Vitamin D supplementation may be recommended as a potential therapeutic adjunct for the ovulatory dysfunction and metabolic disorders observed in women with PCOS. Controlled prospective randomized trials are needed to reach definitive conclusions regarding the role of supplementation with vitamin D in female reproduction.

Alternative therapies

Currently, the use of acupuncture for infertility treatment in women with PCOS is not supported by the very low quality evidence available.[78-80] In regards to Chinese Herbal Medicine, there is also preliminary very low quality evidence on the enhancement of fertility outcomes.[81-83]

Conclusion

PCOS is a complex reproductive, metabolic, and psychological disorder characterized by a variety of clinical manifestations and a major cause of infertility.

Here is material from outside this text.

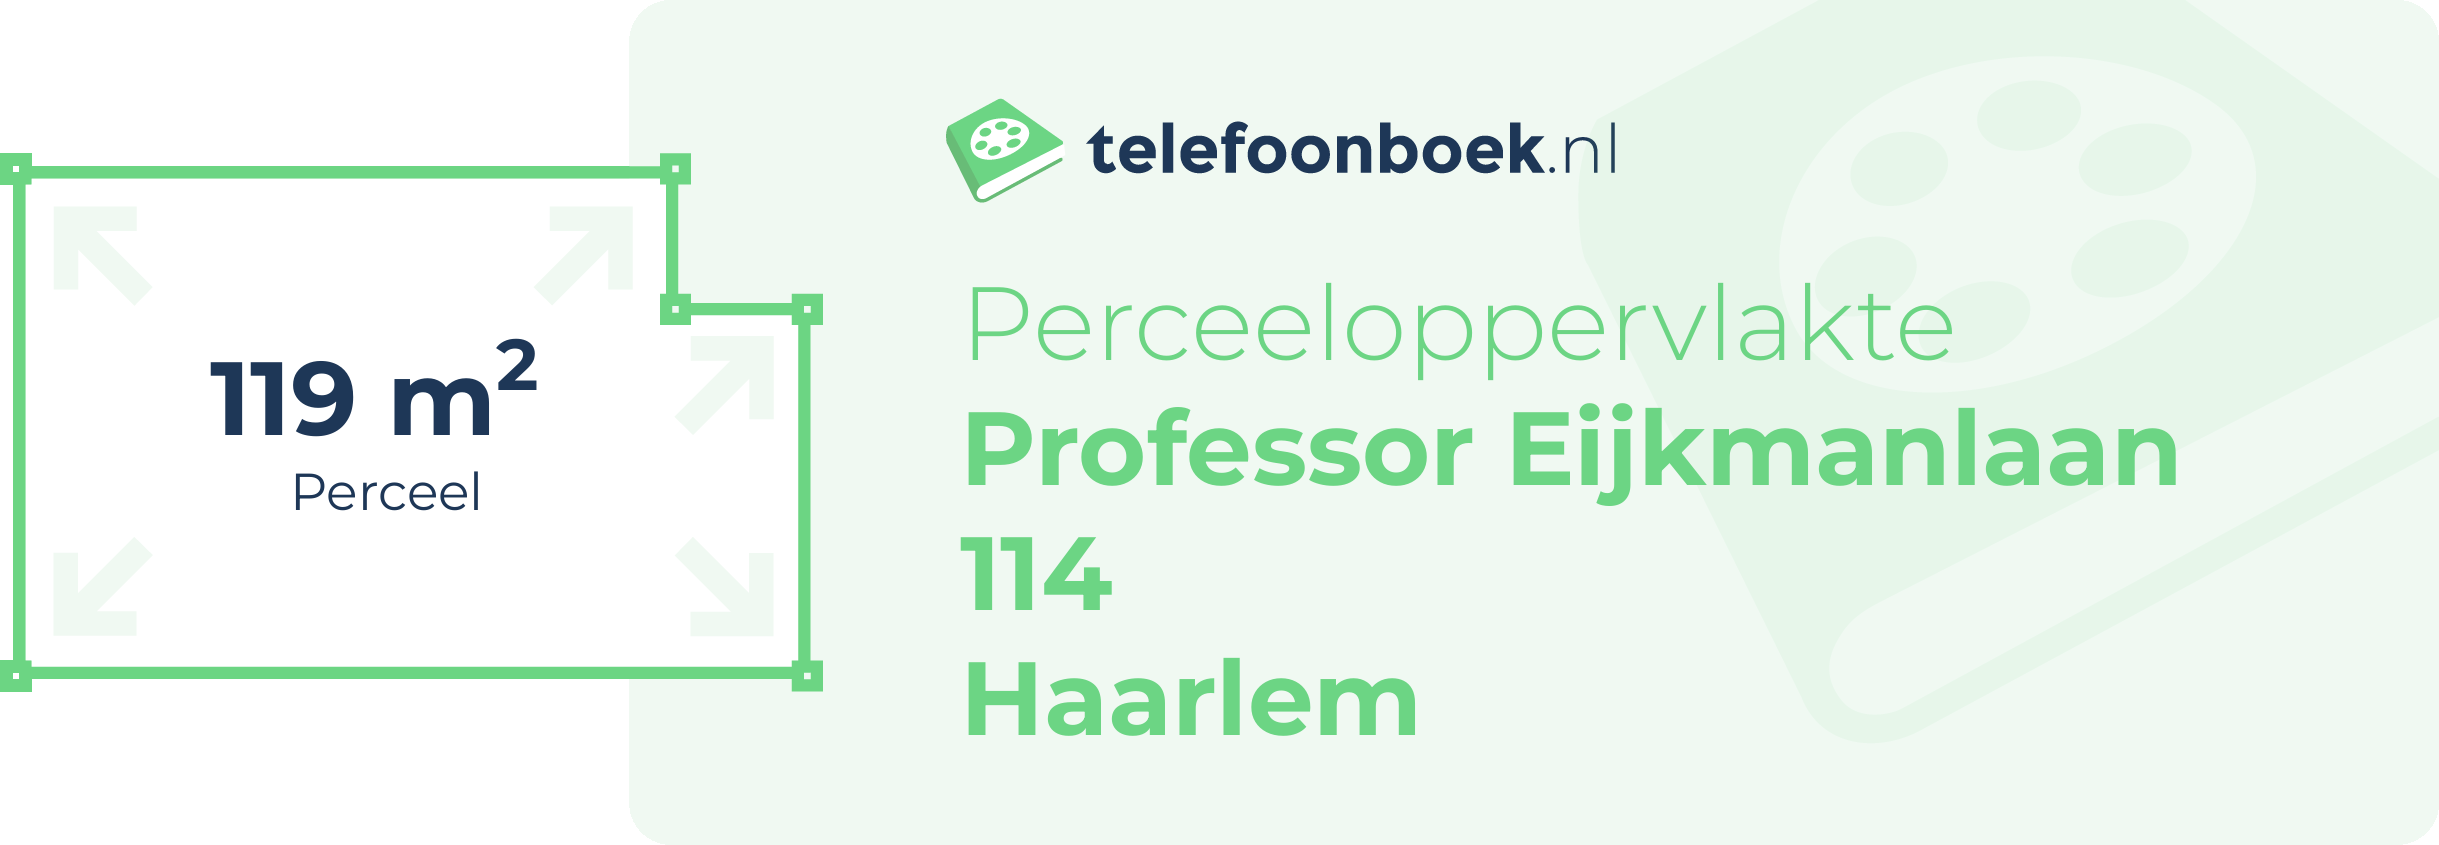 Perceeloppervlakte Professor Eijkmanlaan 114 Haarlem

Lifestyle changes should be considered first-line treatment recommendation for PCOS related infertility, before resorting to pharmacological options. Ovulation induction is the next step, being letrozole the first choice, followed by CC. In women who have failed first line oral ovulation induction therapy, gonadotropins are the next line. For women who do not become pregnant with ovulation induction drugs or have additional infertility factors, ART or LOD can be used (Fig. 3).

Figure 3

Proposed management of polycystic ovary syndrome related infertility.

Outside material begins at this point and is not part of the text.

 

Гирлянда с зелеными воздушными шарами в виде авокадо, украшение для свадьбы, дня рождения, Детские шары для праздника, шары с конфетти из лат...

In patients with IR or hyperinsulinemia, metformin use in combination with CC or gonadotropins and as adjunct in IVF ± ICSI therapy is still the best regimen recommended (Fig. 3).

Bariatric surgery can improve comorbidities associated with PCOS, but, at this time, should be considered experimental as a fertility therapy. Inositol and vitamin D may be useful, but further research is needed to be recommended.

Alternative therapies have no clear evidence for efficacy.

Conflicts of interest

Authors have declared no conflict of interest.